Further, if such decisions are made in a vacuum, without policy (like an ad hoc board resolution), they run the risk of being both discriminatory and "arbitrary and capricious."  Such a ban--especially coupled with the dialogue and community interaction that might precede and follow it--could set the stage for:

  • A claim of discrimination by a trustee;
  • A claim of discrimination by an employee;
  • A civil rights claim by a patron;
  • A report triggering an investigation by the New York Division of Human Rights[2];
  • A really awkward moment at the next sexual harassment training, since in New York, "sexual harassment" includes harassment on the basis of sex, sexual orientation, gender identity and the status of being transgender.

In addition, there are many local municipalities that have their own protections for certain protected categories, including sexual orientation and gender identity and expression.  So there is a risk of implicating not just state and federal, but local law, as well.

Of course, such a ban is FAR MORE that a legal issue.  But amidst everything else, it IS a legal concern.  And while their primary duty is to serve the library's mission, public library trustees also have a fiduciary duty to guard against claims that the library has violated state, federal and local civil rights laws.

How would a library board walk back having taken such a position?  Ideally, very quickly and decisively, with confidential legal advice from their local attorney[3].  This is because in and of itself, such a ban might not be enough to trigger legal action...rather like how just vodka isn't enough to make a martini.  But who knows when the vermouth will show up?

That said, if a board is at this point (and especially if the library director and staff are watching, without being consulted[4]), even after serious consideration of a such a policy or directive, change is possible

After all, each and every library trustee and employee in New York (and even their lawyers) can always learn more about the New York Human Rights Law,[5] federal civil rights law, and perhaps even the protections in their municipality.

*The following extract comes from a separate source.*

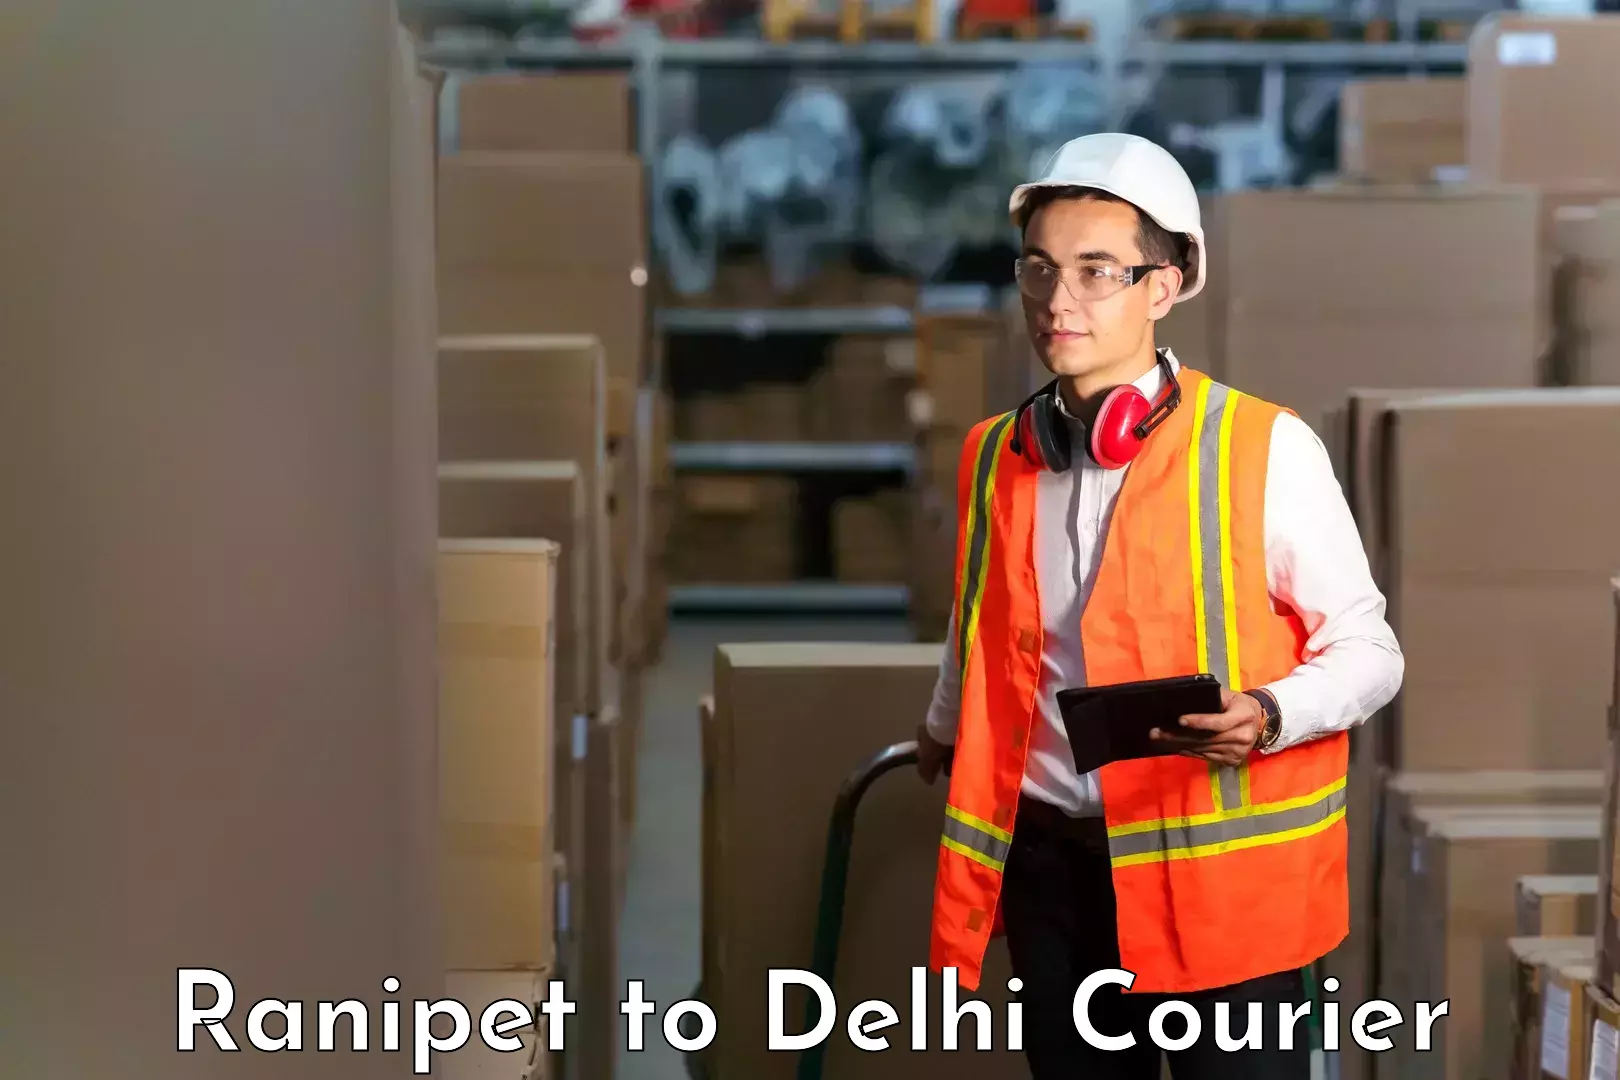 Courier service comparison Ranipet to Delhi

And public libraries are there to enable learning by everybody.

Everybody.

 


[1] In New York, that includes: race, creed, color, national origin, sexual orientation, gender identity or expression, military status, sex, disability, marital status, or status as a victim of domestic violence.

[2] https://www.nysenate.gov/legislation/laws/EXC/296 This links brings the reader to a partial list of barred discriminatory actions.  Here is an excerpt (in other words, there's more): " 2. (a) It shall be an unlawful discriminatory practice for any person, being the owner, lessee, proprietor, manager, superintendent, agent or employee of any place of public accommodation, resort or amusement,
because of the race, creed, color, national origin, sexual orientation, gender identity or expression, military status, sex, disability, marital status, or status as a victim of domestic violence, of any person, directly or indirectly, to refuse, withhold from or deny to such person any of the accommodations, advantages, facilities or privileges thereof, including the extension of credit, or, directly or indirectly, to publish, circulate, issue, display, post or mail any written or printed communication, notice or advertisement, to the effect that any of the accommodations, advantages, facilities and privileges of any such place shall be refused, withheld from or denied to any person on account of race, creed, color, national origin, sexual orientation, gender identity or expression, military status, sex, disability or marital status, or that the patronage or custom thereat of any person of or purporting to be of any particular race, creed, color, national origin, sexual orientation, gender identity or expression, military status, sex or marital status, or having a disability is unwelcome, objectionable or not acceptable, desired or solicited.

[3] And perhaps a check-in with their "directors and officers" insurance carrier.

[4] This type of issue is part of why the author consistently recommends trustees be trained on non-discrimination policies (including sexual harassment).